Het is niet toevallig dat Michael Bruderer muziek als onderwerp voor zijn promotie heeft. Bruderer: “Muziek is belangrijk voor mij. Ik luister graag naar muziek, ik heb lang in een koor gezongen als Tenor en ik dans veel. Al meer dan tien jaar dans ik Salsa en sinds een jaar de Tango. Voordat ik ging studeren, twijfelde ik nog tussen informatica en muziekwetenschappen. Het is uiteindelijk informatica geworden, maar bij mijn promotie heb ik de onderwerpen mooi kunnen combineren.” Na zijn promotie gaat Michael op wereldreis. “Ik ga in ieder geval mijn zus opzoeken die op dit moment in Colombia woont.

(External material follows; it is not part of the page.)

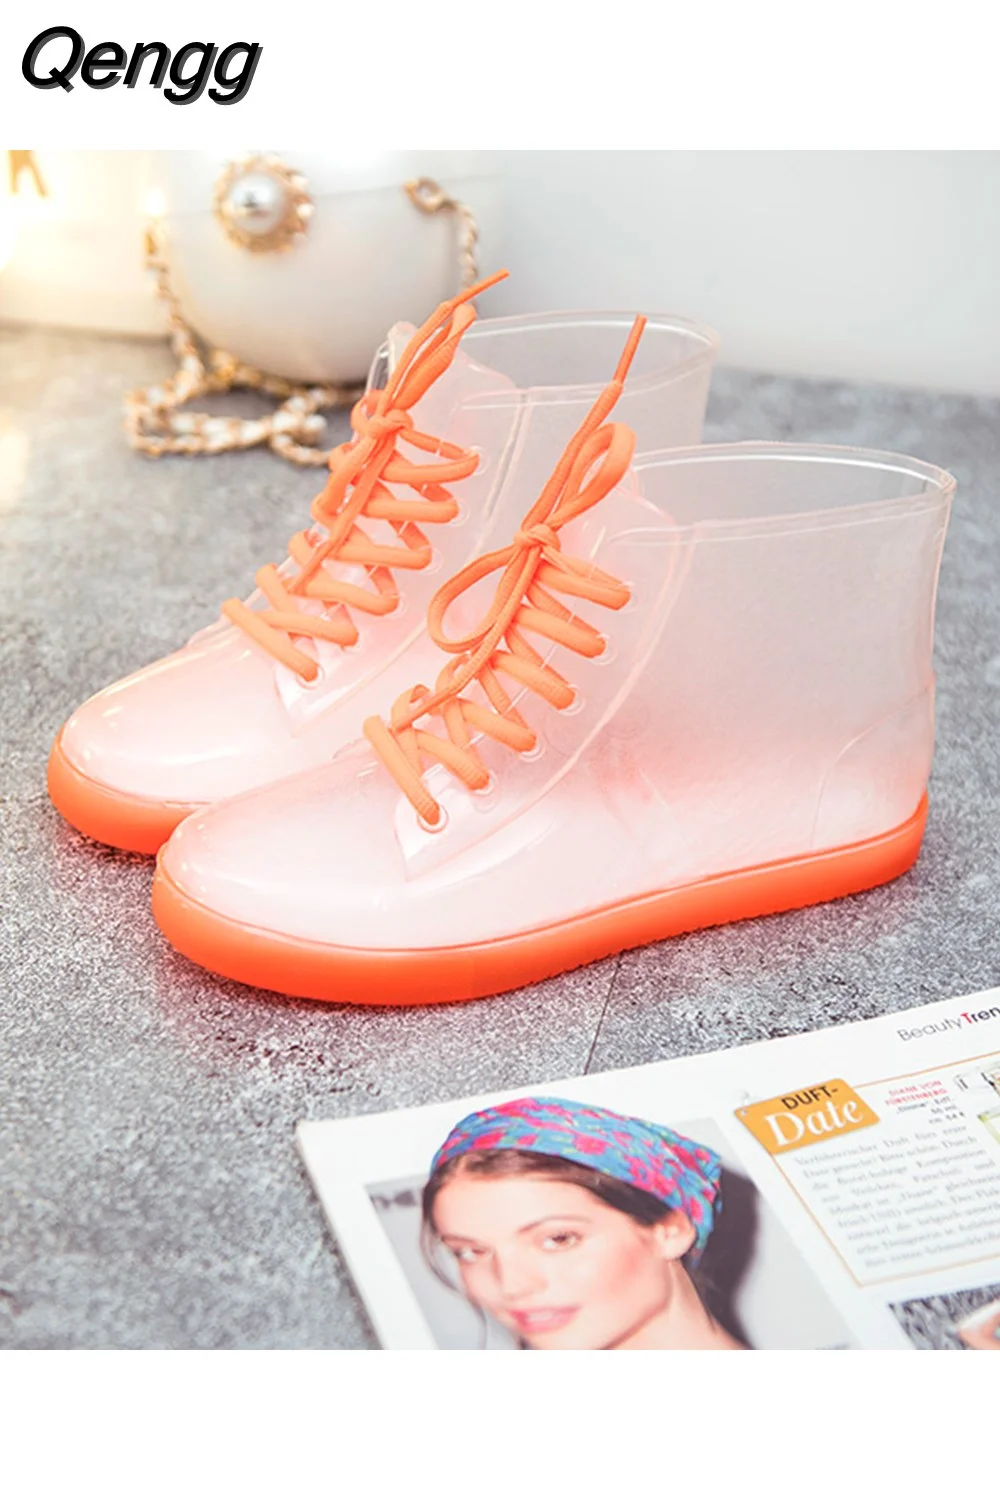 Qengg Transparent Anti-Slip Fashion Waterproof Shoes Rainshoes Rain Boots Shoe Cover Woolen Cotton Rubber Boots Female Short

En verder heel veel van de wereld zien.”/.

 

Michael Bruderer (1978, Zwitserland) studeerde Computer Science in Lausanne en was een jaar in Granada als ERASMUSstudent. Zijn mastersproject over automatische instrument herkenning, voerde hij uit aan het gerenommeerde Fraunhofer Institute for Digital Technology in Duitsland. Vier jaar geleden startte hij zijn promotieonderzoek over ‘The perception and modelling of structural boundaries in popular music’ aan de J.F. Schoutenschool , met financiële ondersteuning van Philips Research Europe.